Protesters flee tear gas fired by Greek riot police as clashes erupt in a 24-hour strike in Athens on March 16, 2023.

Greece's police chief has been sacked, the government announced on Saturday, after clashes between law enforcement and protesters have escalated since the February 28 train crash, the deadliest in the country. x27;country history.

Constantinos Skoumas has been removed from office, according to Prime Minister Kyriakos Mitsotakis' office, less than two months after being confirmed in the post.

The sacking comes as police have been criticized for their handling of protests that erupted after two trains collided near Larissa that left 57 people dead.

We will learn from our mistakes, Mitsotakis said on Saturday while on a campaign trip to Athens. An error only becomes a fault if it is repeated.

The appointment of a new police chief is aimed at more effective implementation of the operational plans of a modern police with regard to the security of citizens, the Prime Minister's Office clarified.

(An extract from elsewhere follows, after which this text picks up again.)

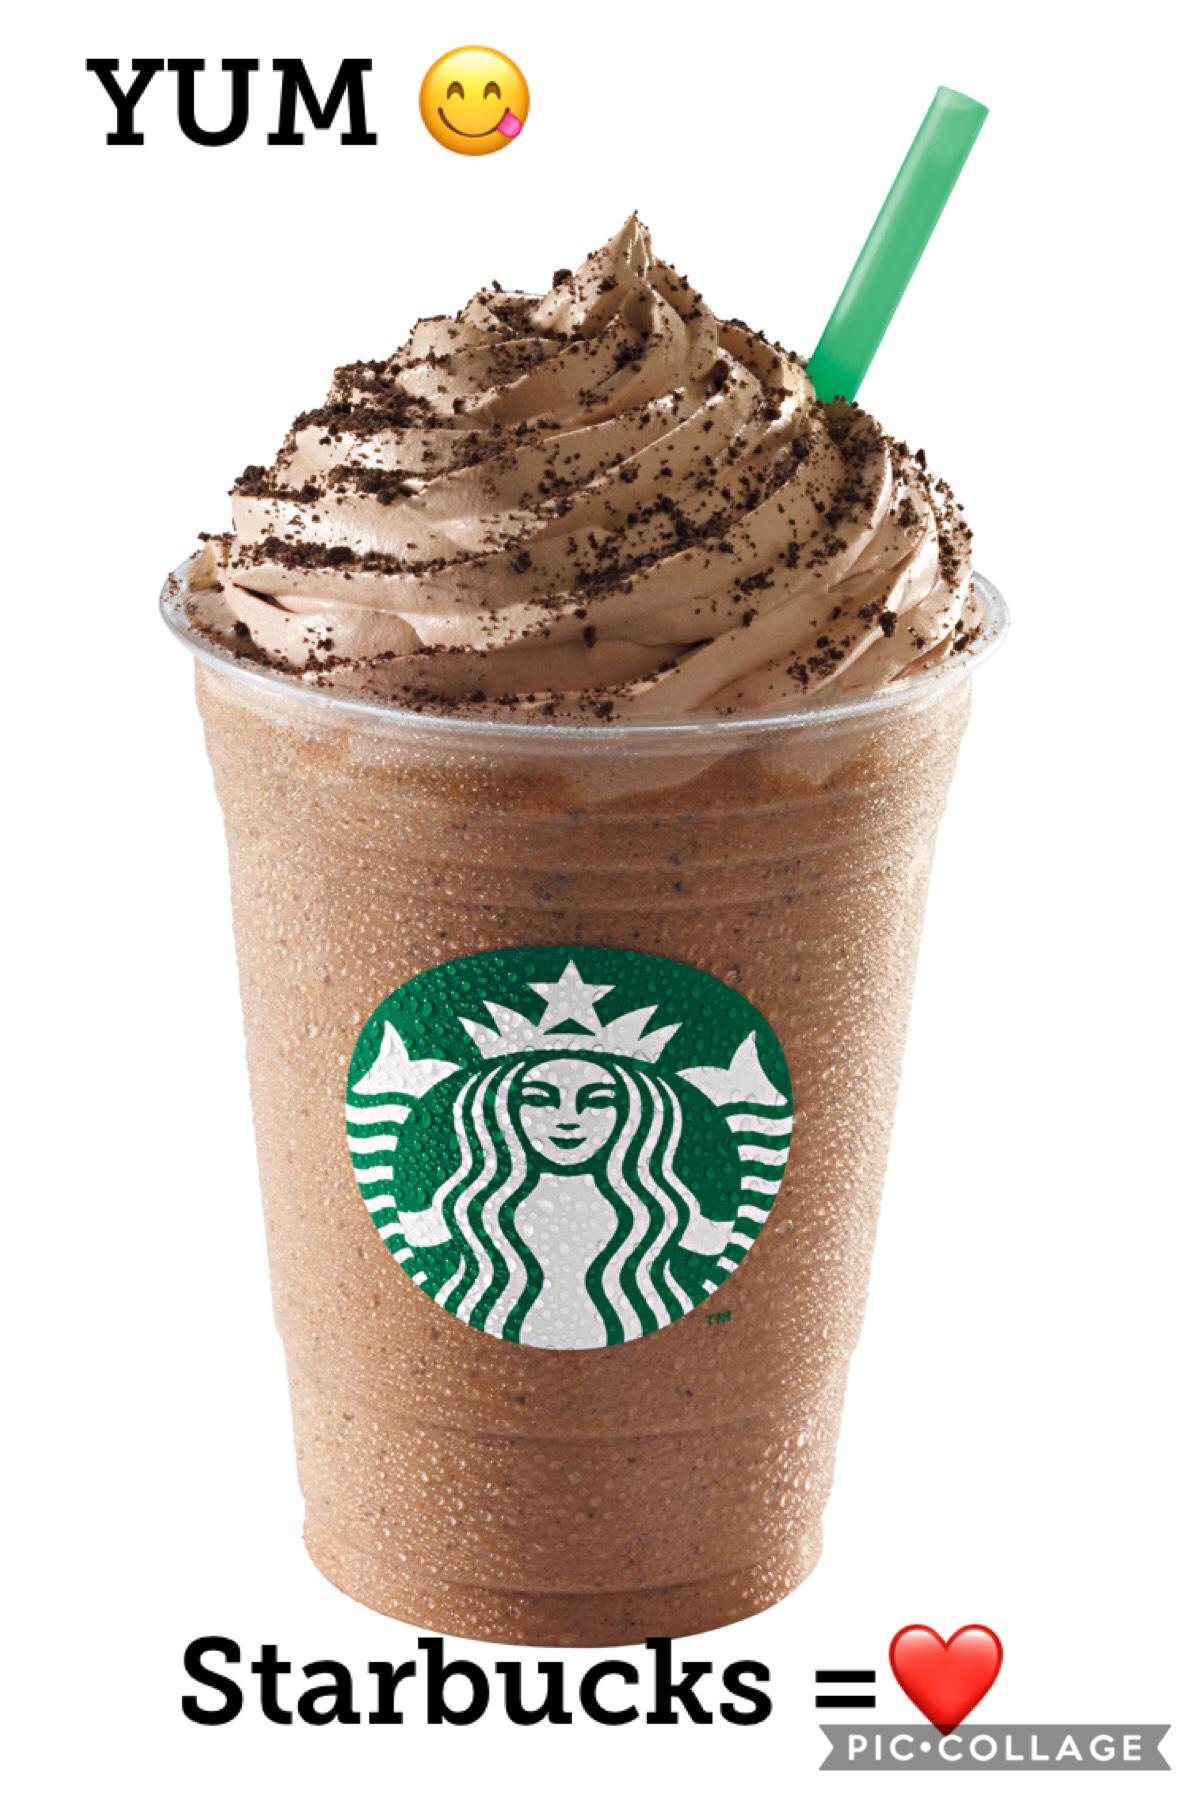 Who loves Starbucks ❤️

During the latest protest on Thursday, a riot police team was filmed charging and beating peaceful protesters in Syntagma Square, central Athens .

A few hours later, a police tow truck rammed into a group of protesters trying to block a street in the capital with trash cans, knocking one to the ground.

After a train derailment that killed 57, tensions mount between the government and protesters, who point the shortcomings of the Greek rail system and the crisis situation in which the country finds itself.

The rail disaster sparked weeks of protests, some violent, which put pressure on the Conservative government of Mr. Mitsotakis ahead of elections scheduled for May.

The transport minister had resigned after the disaster. The station master on duty at the time of the accident and three other railway officials have been charged and face life imprisonment.

The unions had long since put in warning about the failings of Greece's railways, describing an underfunded, understaffed and accident-prone network after a decade of spending cuts.

Transport Minister by Interim Georgios Gerapetritis said train services, suspended after the accident, would gradually resume from March 22 to be fully restored by April 16. Automated security systems will be installed by the end of September, he added.